Mikael Wood at EW rates 50 Words A- and gives us another very nice short:

Bush ­follows up May’s Director’s Cut with a boldly stripped-down set that distills her off-kilter ­aesthetic to its purest essence: Think tolling piano chords, swooping vocals, and loads of dreamy poetry about horses and porcelain dolls. It’s all ­gorgeous — even the 13-minute ”Misty” — but 50 Words for Snow peaks with a stunning Elton John duet…”

Kate interviewed for BBC Radio 6 Music

FURTHER UPDATE: 6 Music has now tweeted that the interview will be broadcast “a week today” i.e. Thursday 24th November. The Morning Show is on between 10.00 am and 13.00 pm GMT and will doubtless be available as a stream afterwards from the 6 Music website.

UPDATE: As you were. Laura was off to interview Kate this morning, and the interview looks likely to appear on Radio 6 at a later date. We’ll let you know when

Lauren Laverne, host of 6 Music’s morning show has tweeted that she will “be round Kate Bush’s for a cup of tea and a chat” on Thursday morning.

Wild Man animation tonight!

Kate has announced on her official website the premier tonight of the animation for Wild Man. Watch it below:

[youtube width=”640″ height=”360″]http://www.youtube.com/watch?v=HIF40L-_HjA[/youtube]

Hi everyone,

I am delighted to announce the premier of our first animated film tonight. It only runs for about 2 1/2 minutes but huge amounts of care and work have gone into this. I think it looks so atmospheric and has a beautifully crafted and unique look.
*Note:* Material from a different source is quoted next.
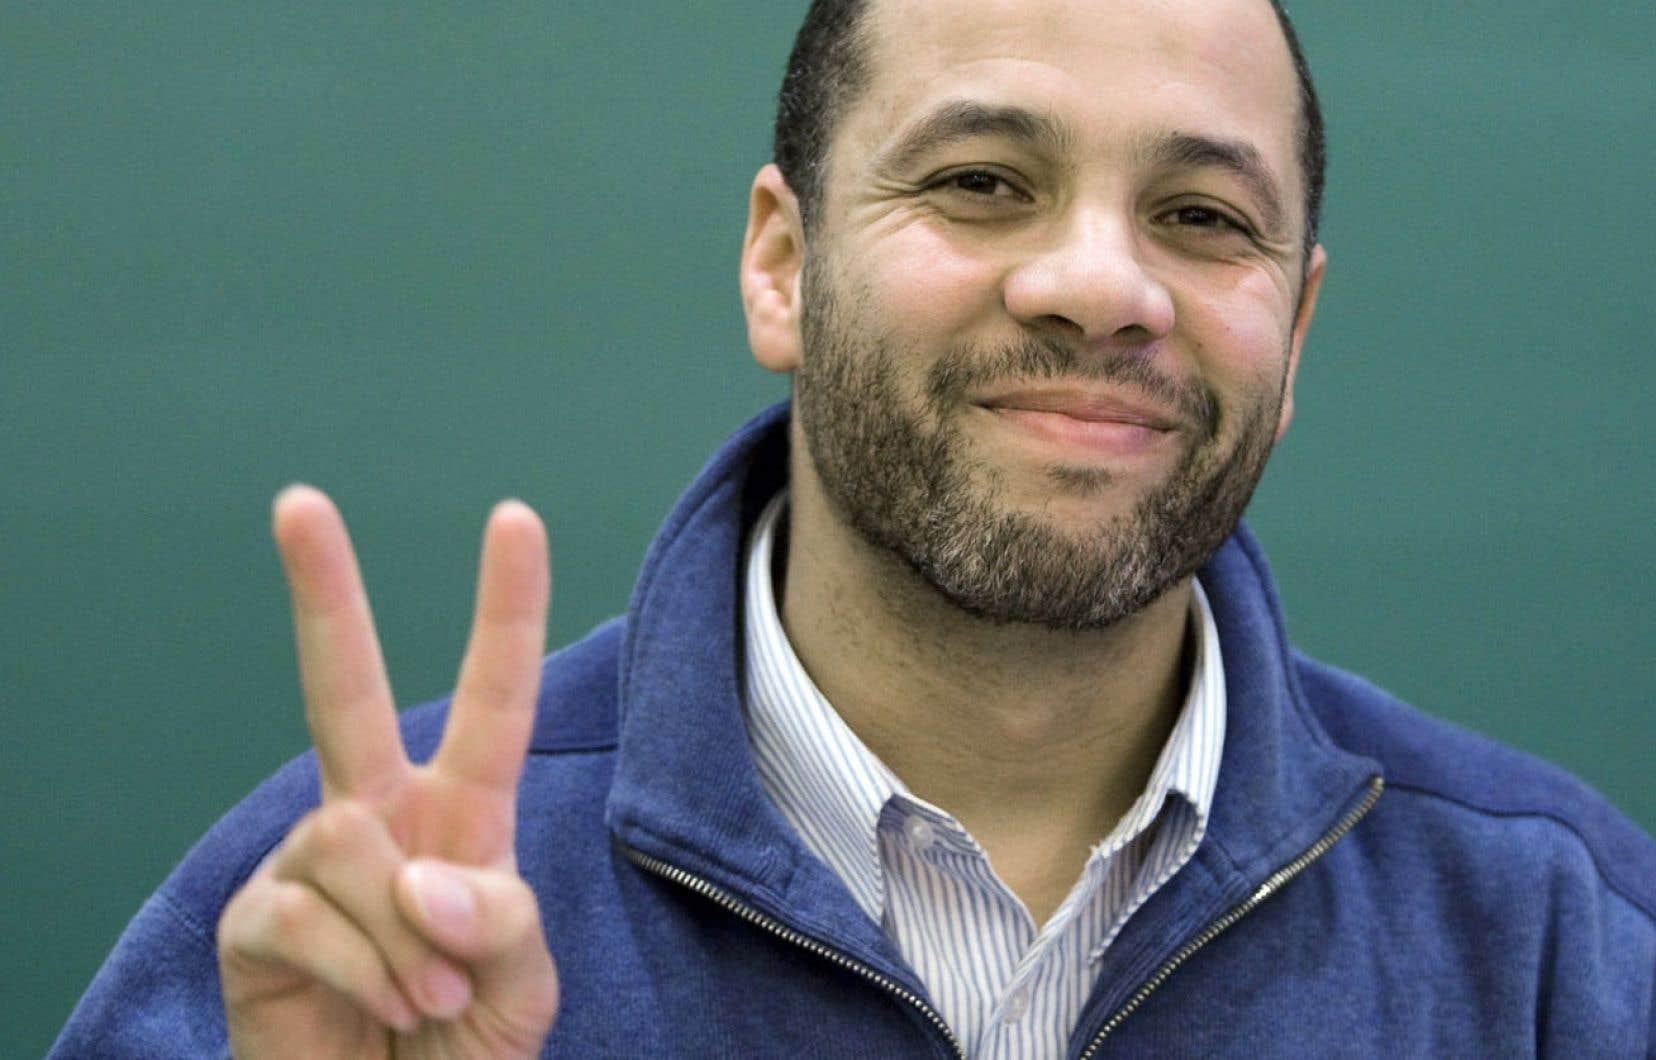 Adil Charkaoui montre un signe de victoire en 2009 alors que son avocate et lui ont réussi à faire invalider les deux certificats de sécurité lancés contre lui par le ministre de l'Immigration.
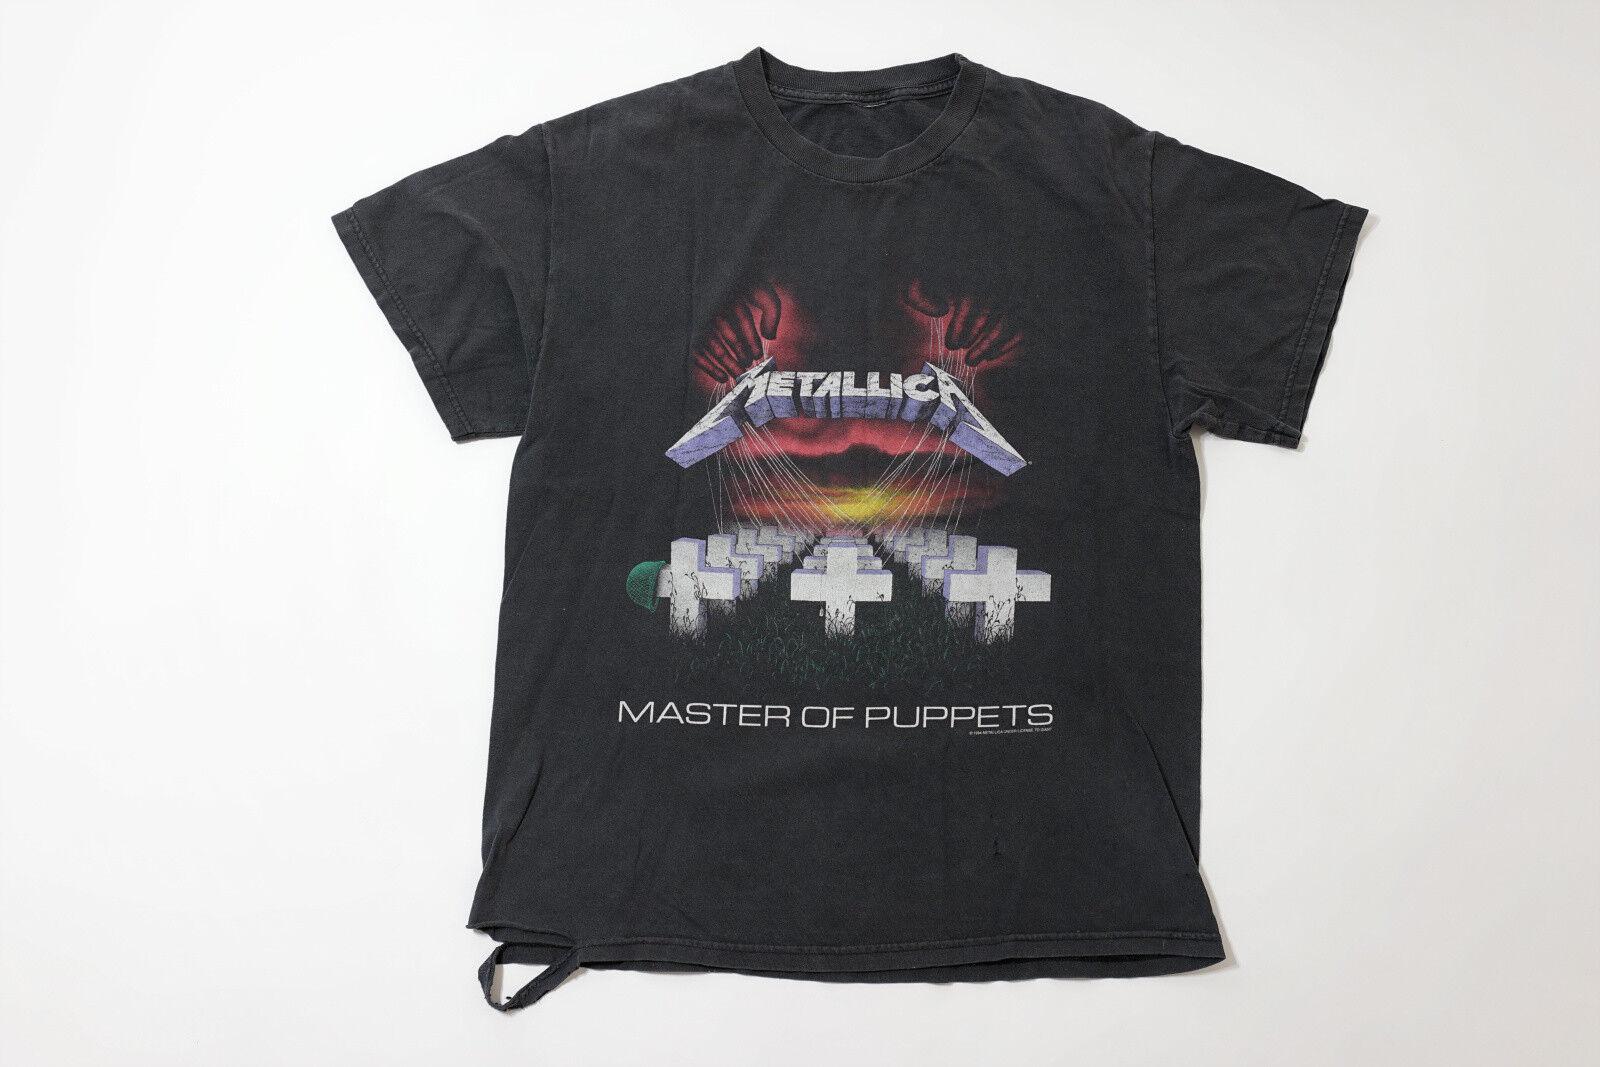 Vintage Metallica Master Of Puppets T Shirt Giant 90s VTG 1994 Größe Large L

It has been created by Finn and Patrick at Brandt Animation. It has been really exciting working on this. I hope you like it.

I want to say a very special thanks to Mike Solinger, the producer on this project. Without him this could never have happened. I would also like to thank the Yeti who was the inspiration for the song and this short film. I hope it remains an enigma.

With very best wishes,
Kate

You can watch the animation on Kate’s official site at 19:30 GMT here.

“Aural tapestries”: Superversity

A short but beautiful review from Superversity:

Kate Bush always challenges her audience. No one gets off easy once they enter her arena. Her music is “serious stuff’ compared to the immediately accessible pabulum that floods pop music. And, if the listener rises to her challenge, the reward is always substantial. This isn’t music for people who want background noise to balance their accounts by. Nor is it assaulting and angry as much rock can be. This is music for intense focus and contemplation. Ms. Bush is a weaver of words and sounds into aural tapestries that cover over the listener like a blanket of emotion. The music is seductive and unusually obtuse at first, but every time you hear it there is something new waiting to be found. These pieces are less songs than aural puzzles waiting to be solved and managing to evade solution even with familiarity. Still, the elusive nature of her music isn’t frustrating but . . . challenging . . . as much of the best music is. Open your ears. Open your mind. Listen.”